We consider multilevel low rank (MLR) matrices, defined as a row and column permutation of a sum of matrices, each one a block diagonal refinement of the previous one, with all blocks low rank given in factored form. MLR matrices extend low rank matrices but share many of their properties, such as the total storage required and complexity of matrix-vector multiplication. We address three problems that arise in fitting a given matrix by an MLR matrix in the Frobenius norm. The first problem is factor fitting, where we adjust the factors of the MLR matrix. The second is rank allocation, where we choose the ranks of the blocks in each level, subject to the total rank having a given value, which preserves the total storage needed for the MLR matrix. The final problem is to choose the hierarchical partition of rows and columns, along with the ranks and factors. This paper is accompanied by an open source package that implements the proposed methods.

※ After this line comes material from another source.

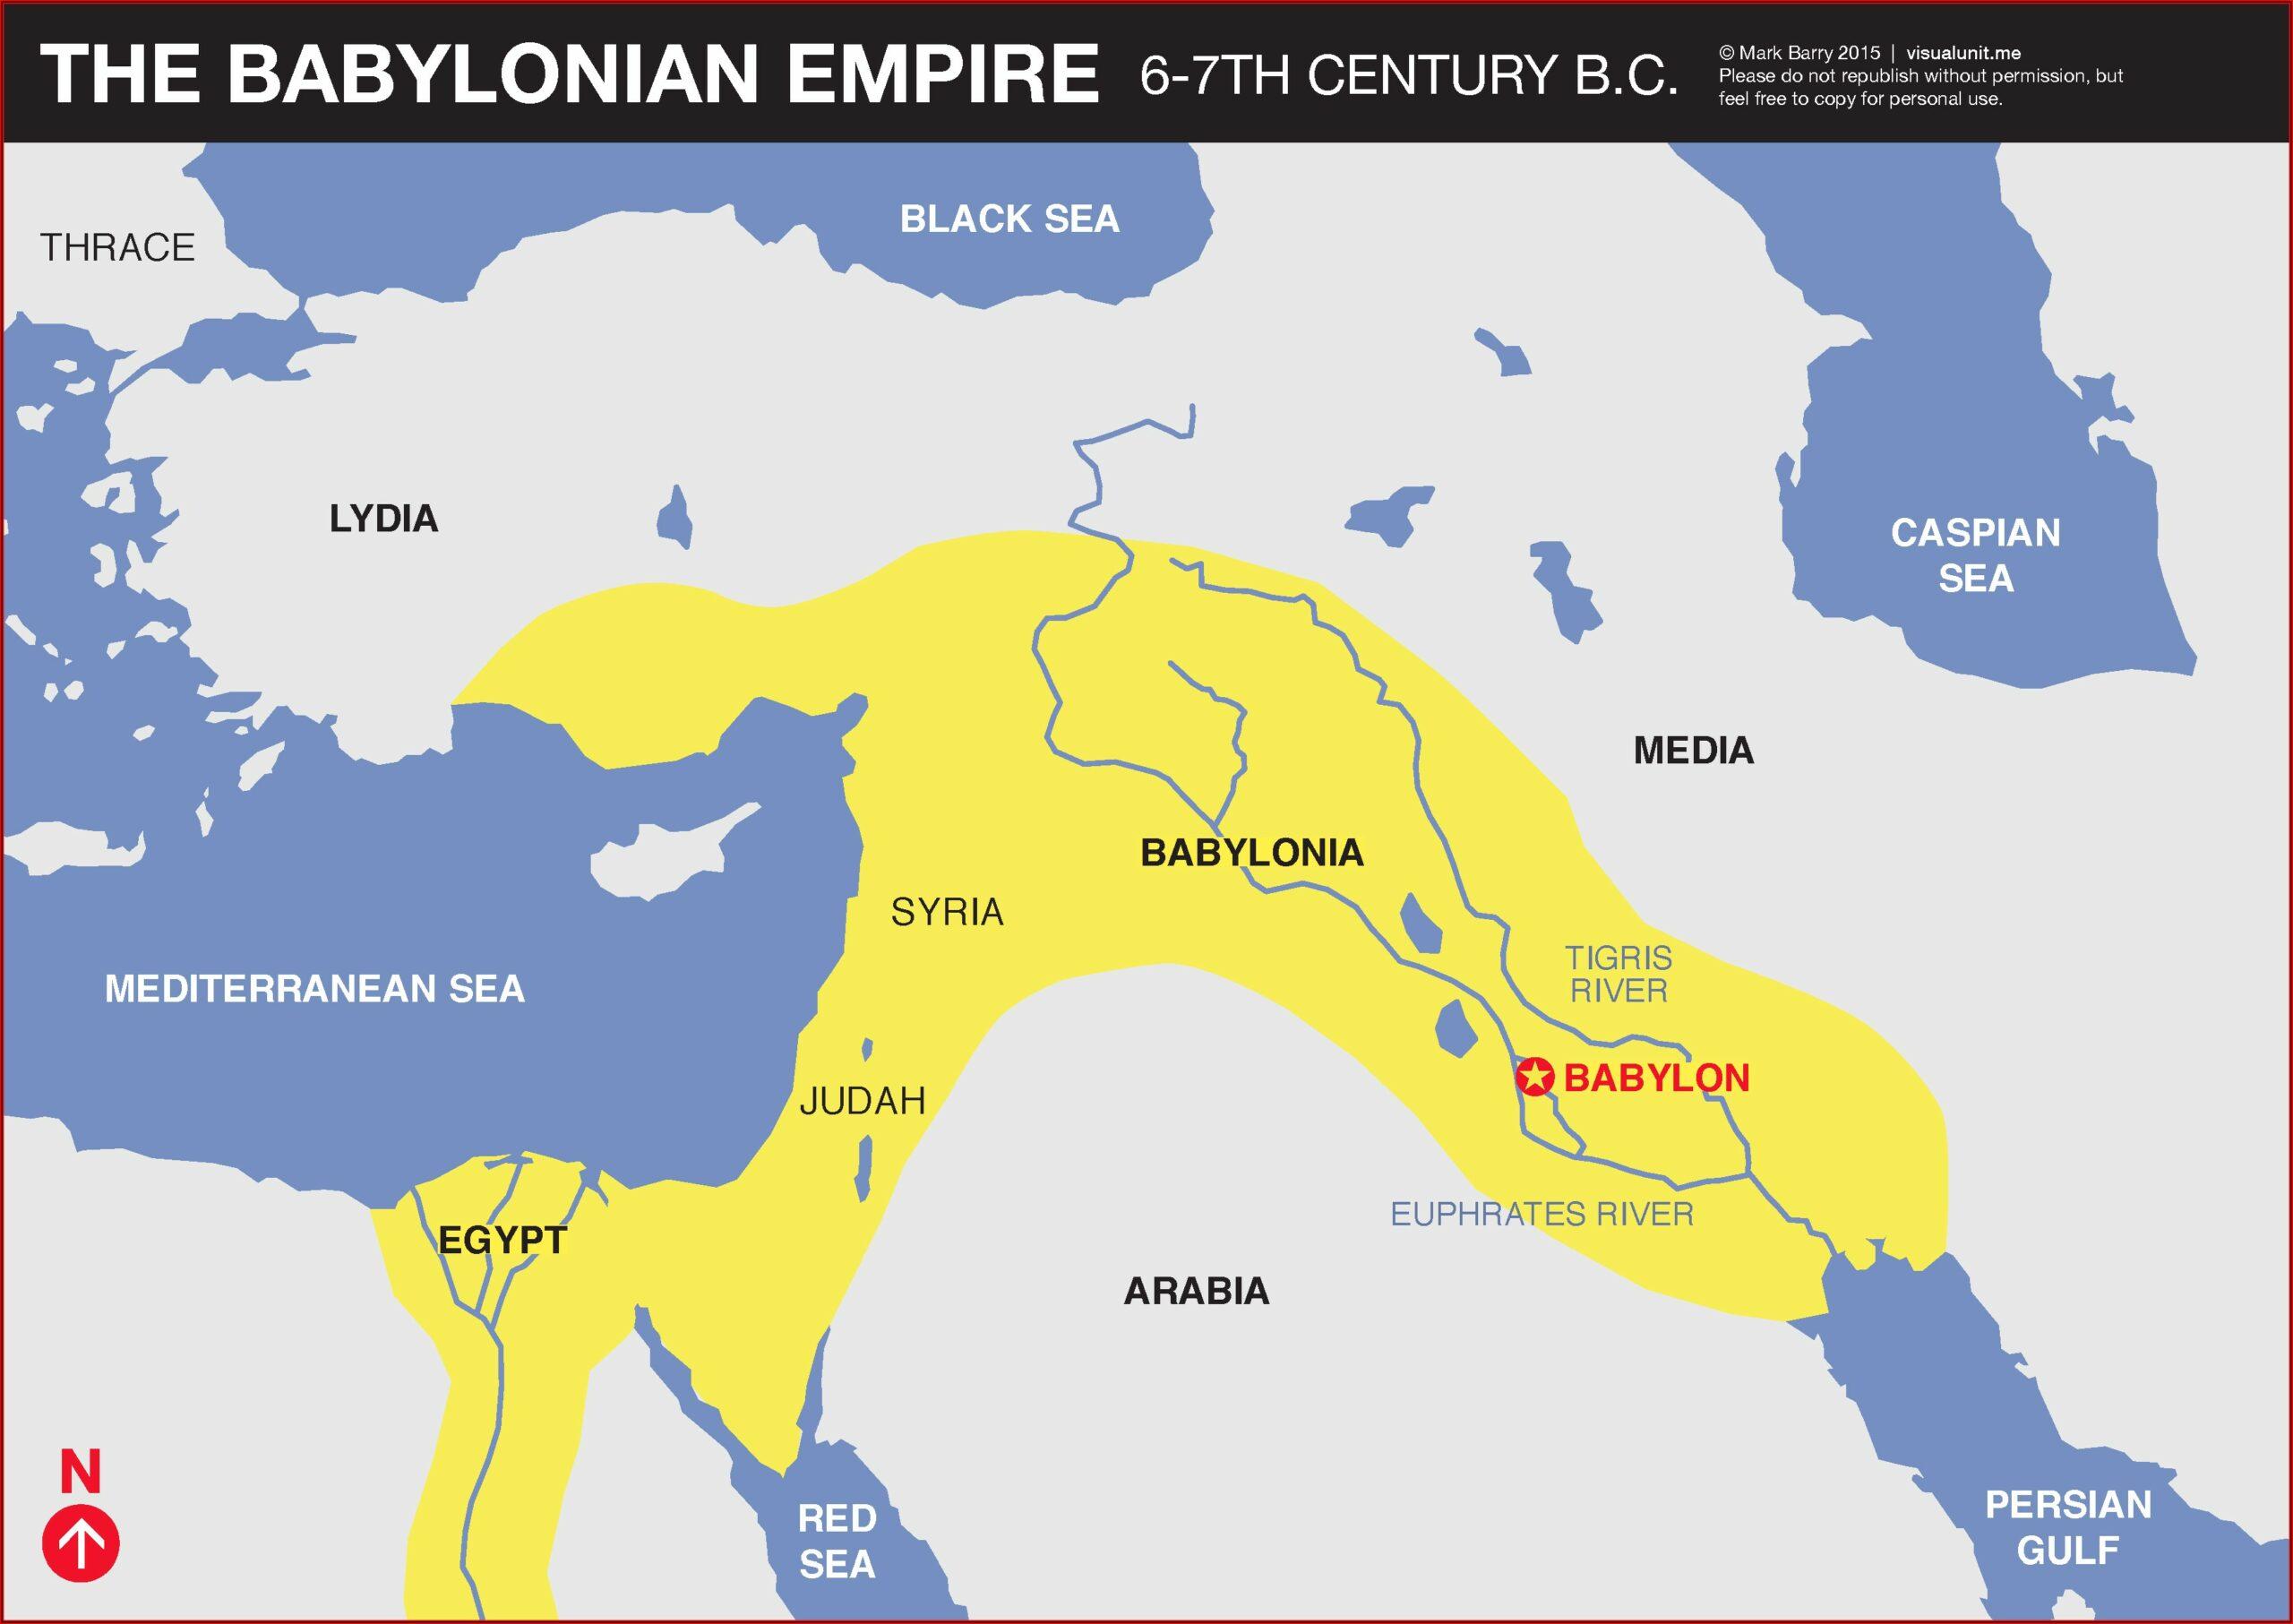 Babylonian Empire Timeline Bible
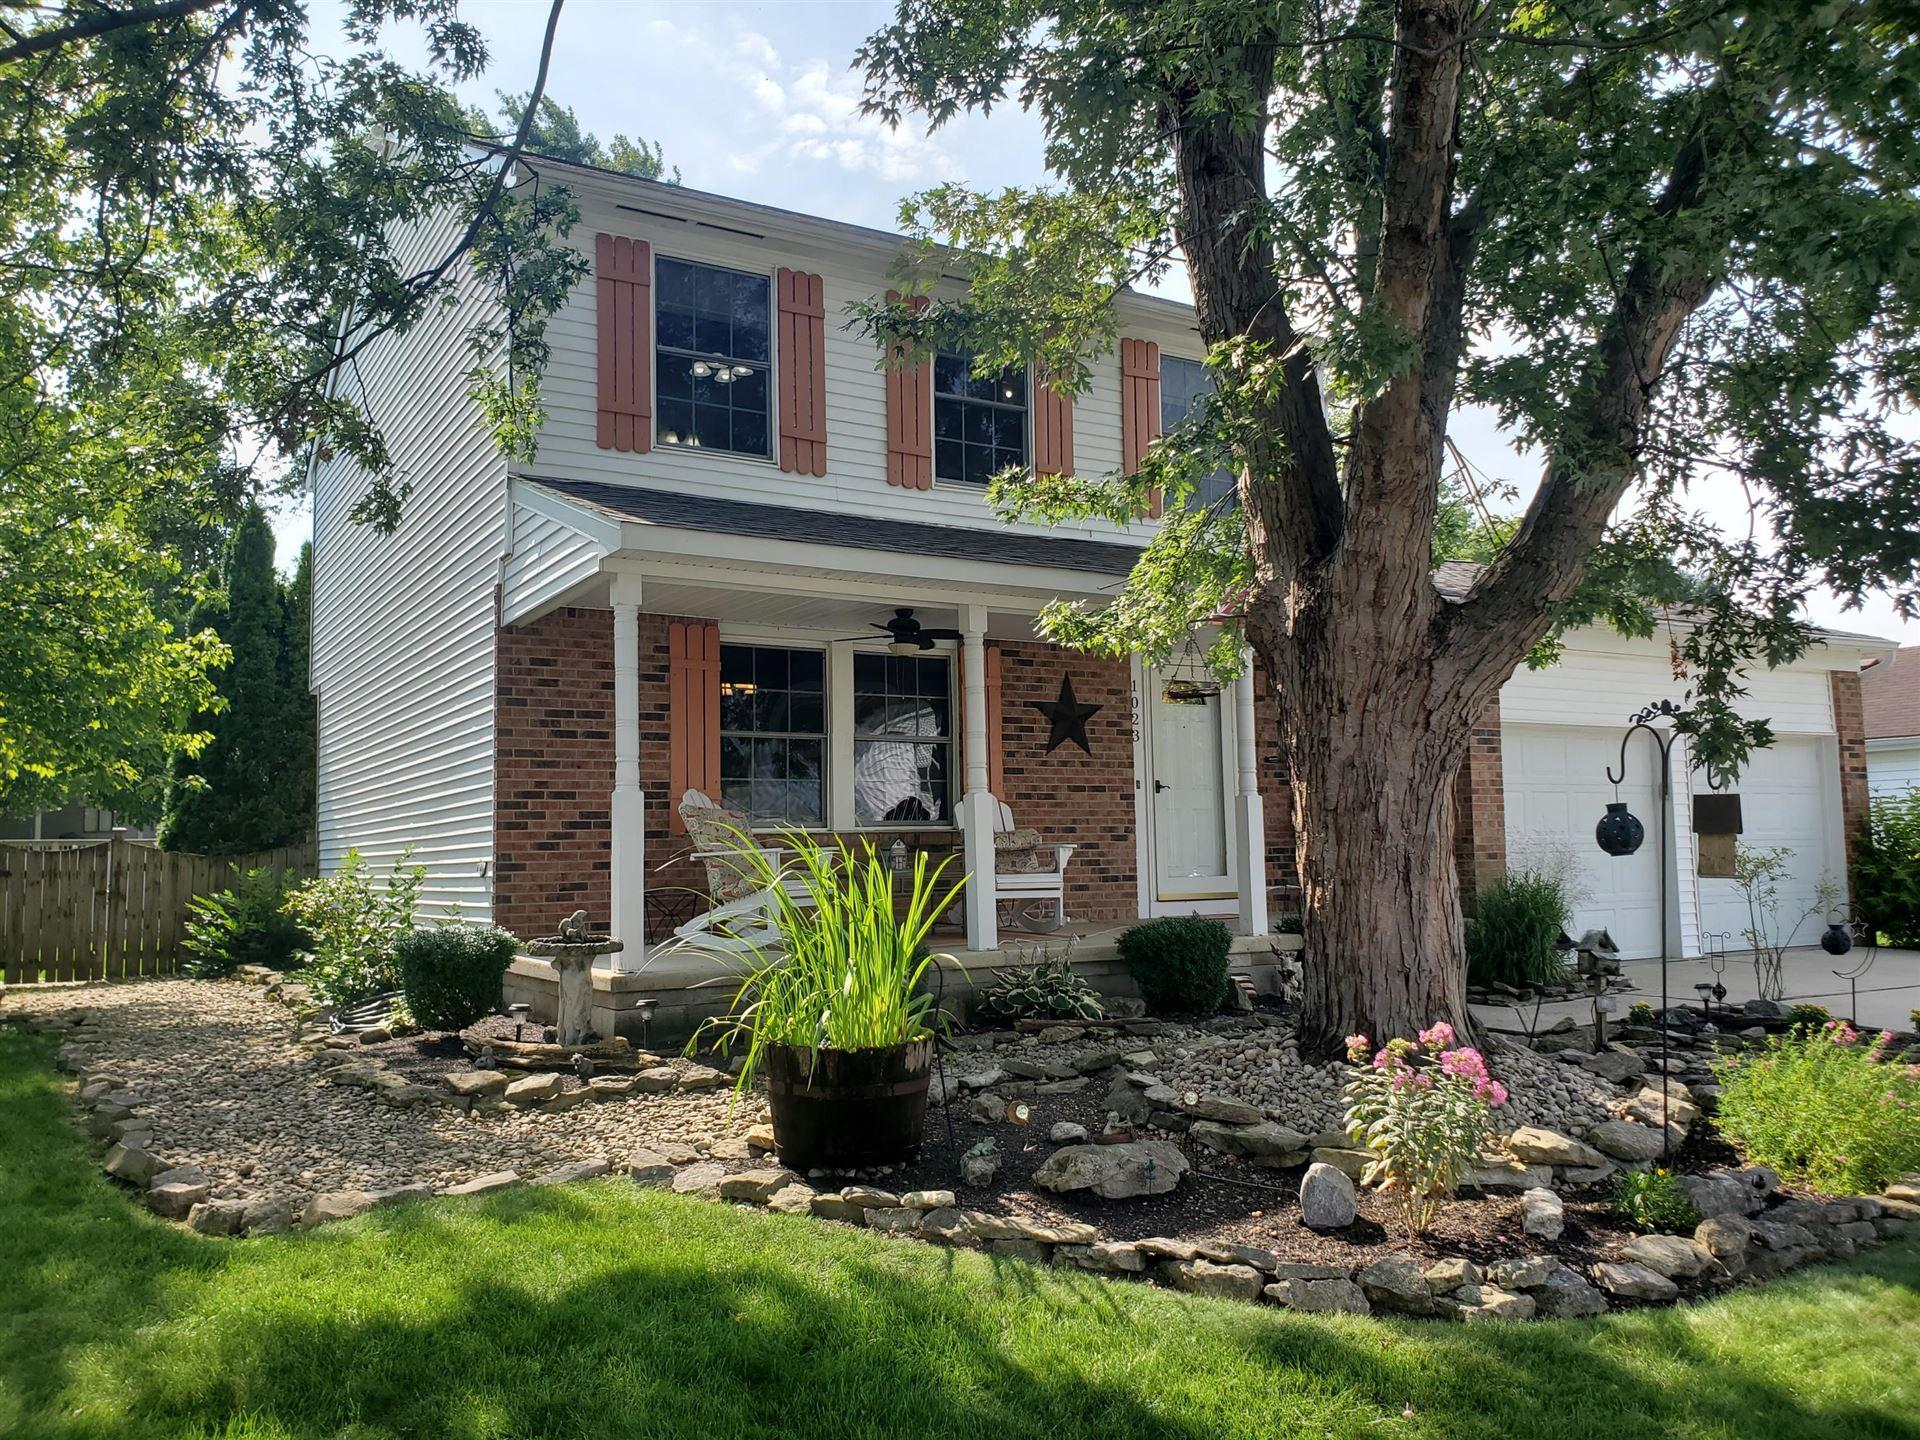 Photo of 1023 Snohomish Avenue, Worthington, OH 43085 (MLS # 221031361)

翻译：我们考虑了多级低秩（MLR）矩阵，这类矩阵定义为行与列的排列后多个矩阵之和，其中每个矩阵都是前一个矩阵的分块对角精化，所有块均以分解形式给出且具有低秩性。MLR矩阵扩展了低秩矩阵的概念，同时保留了其许多特性，例如所需的总存储量以及矩阵-向量乘法的复杂度。本文解决了在Frobenius范数下用MLR矩阵拟合给定矩阵时出现的三个问题。第一个问题是因子拟合，即调整MLR矩阵的因子。第二个问题是秩分配，即在给定总秩数值的条件下选择每一级中各块的秩，该条件保持了MLR矩阵所需的总存储量。最后一个问题则需选择行与列的层次划分，同时确定相应的秩与因子。本文附有实现所提方法的开源软件包。